DJ Five and Eric D-Lux

Go to Faed at Jewel Nightclub and You Might Be Calling in Sick

“The first time we did this, we actually did call in sick the next day,” says Eric Delatorre, known to most as DJ Eric D-Lux. It’s 10:30 p.m. inside Herringbone restaurant in Aria, the go-to pre-gig spot for D-Lux and DJ Five (born Jerid Choensookasem) two fixtures of Las Vegas nightlife who co-pilot the turntables as FAED (pronounced “FADE”). Tonight is their monthly “Calling In Sick” residency party at Jewel.

The “day job,” or rather, one of several, for these nocturnal entrepreneurs is managing Headliner Music Club, their digital record pool for professional DJs which features exclusive edits, playlists and remixes from FAED and their swath of industry friends. The loquacious Five, who lives in Las Vegas, maintains an award-winning social media presence and has invested in local businesses such as Downtown’s darling Vesta Coffee Roasters. The Los Angeles-based D-Lux is a quieter-than-you’d-expect former radio host responsible for writing and producing the multi-platinum club banger “Shots,” by LMFAO featuring Lil Jon.

Tony Tran

“So, did you ever have ‘regular’ jobs?” I ask over a platter of crab legs. Five turns to D-Lux: “KB Toys?” D-Lux confirms and shares that he used to schlep scooters at Vespa and served short stints at Ross and IKEA. Five bussed tables at the old Leatherby’s ice cream shop on East Sahara as a teenager and later added Burlington Coat Factory and Victoria’s Secret to his resume. Eventually, both guys started working at (separate) record stores, and parlayed that opportunity into their first unpaid party gigs. Back then, DJing was just a passion and a money pit.

In the decade plus that they’ve been DJing professionally, Five and D-Lux have lived together, toured together and held individual residencies at nearly every nightclub on the Strip. The two met and became friends while working their way up to headliner status and formalized as FAED (a combination of “Five” and “D-Lux”) in 2016. “We also considered the name PZA PZA,” (pronounced the way you think it is) says Five, and “There They Are!,” which they both say while pointing (and laughing.) And for the FAED trading card: According to JackColton.com, both Five and D-Lux’s “craziest Las Vegas stories” involve falling asleep at a strip club.

 

Tony Tran

Being in sync, after all, is essential when you’re co-DJing. It’s nearly impossible to converse inside the booth given the proximity to speakers, whirring of confetti cannons and constant shuffling of about 25 bodies in close quarters. We were a group of six, maximum, at dinner, but once we reach the nightclub, behind FAED is where everyone wants to be. The Snapchat posts will prove it.

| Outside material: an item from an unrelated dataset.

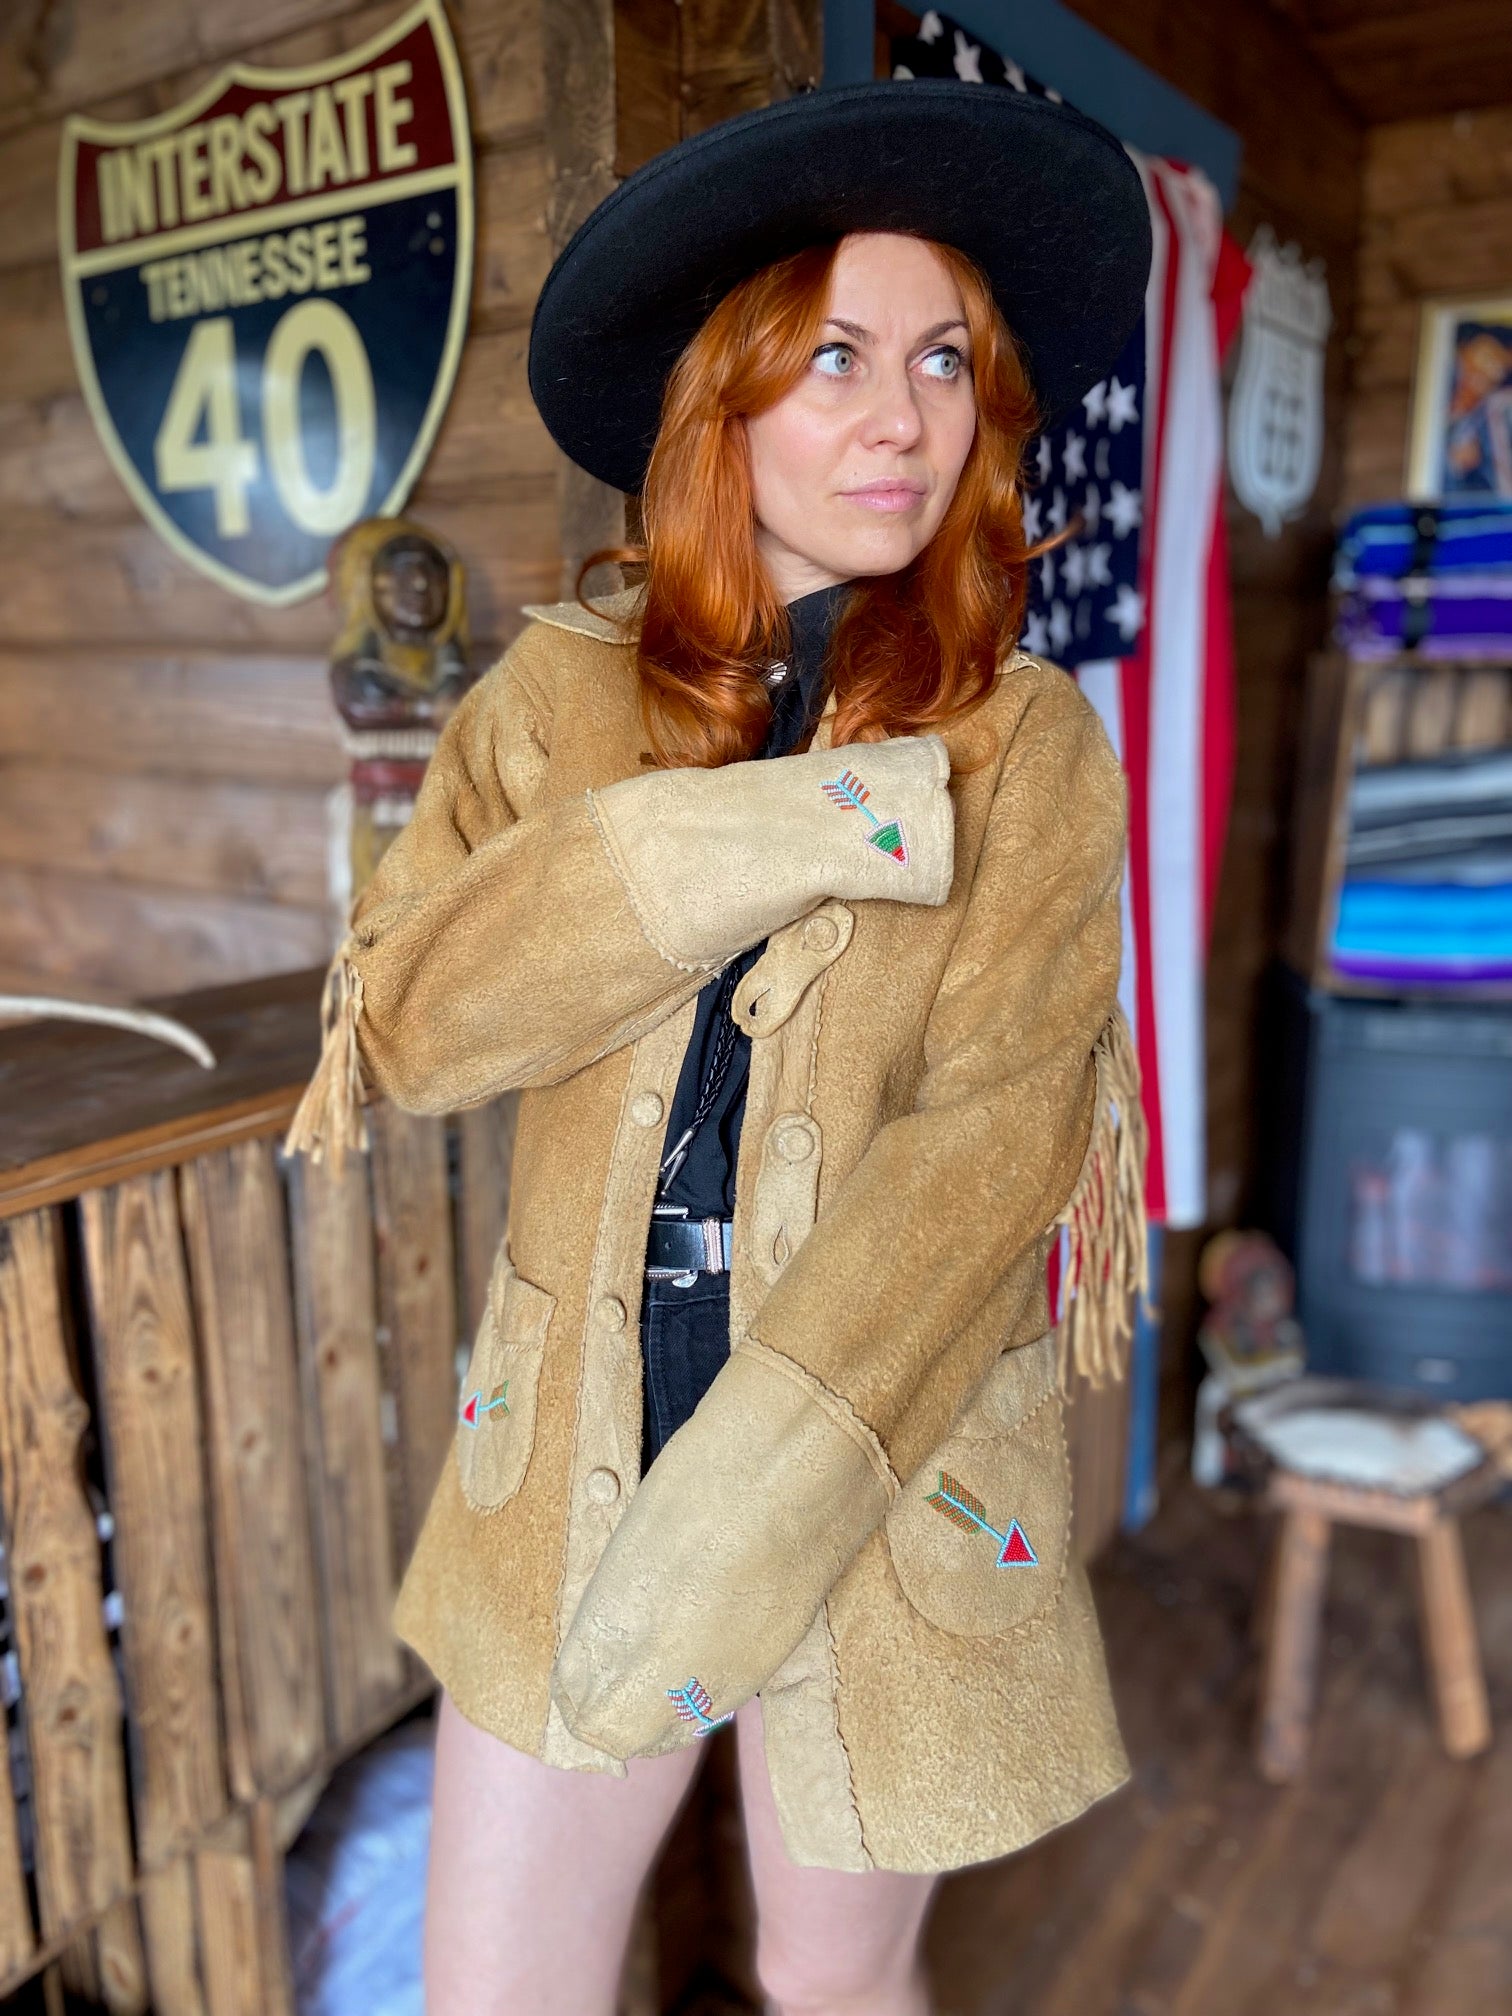 Long sued soft leather 60s western ranch frill jacket

At 12:27 a.m. a dial tone rings out on the sound system. “I’m not feeling too good,” says a female voice, …“the truth is I was partying with FAED.” Five and D-Lux are in position at their tandem controllers, dancers flank either side of the booth’s raised platform and a suited man with a oversized foam skull, the FAED mascot, if you will, motions for hands in the air. This is the official “Calling in Sick” intro, complete with pyrotechnic bursts and a pre-recorded name drop from Lil Jon.

Tony Tran

As they should, Five and D-Lux stack their open-format set with some Headliner Music Club exclusive FAED edits. Sometimes they scratch in and swap controls on every other song, sometimes one hops on the mic, records a video on their phone, sips their drink, checks on their guests or, in Five’s case, pours tequila shots straight into the mouths of clubgoers. “When I did it at the first party, my aim was so bad. I was getting tequila in their eyes,” he says. But by now, of course, Five and D-Lux are professionals at calling in sick and everything that it entails.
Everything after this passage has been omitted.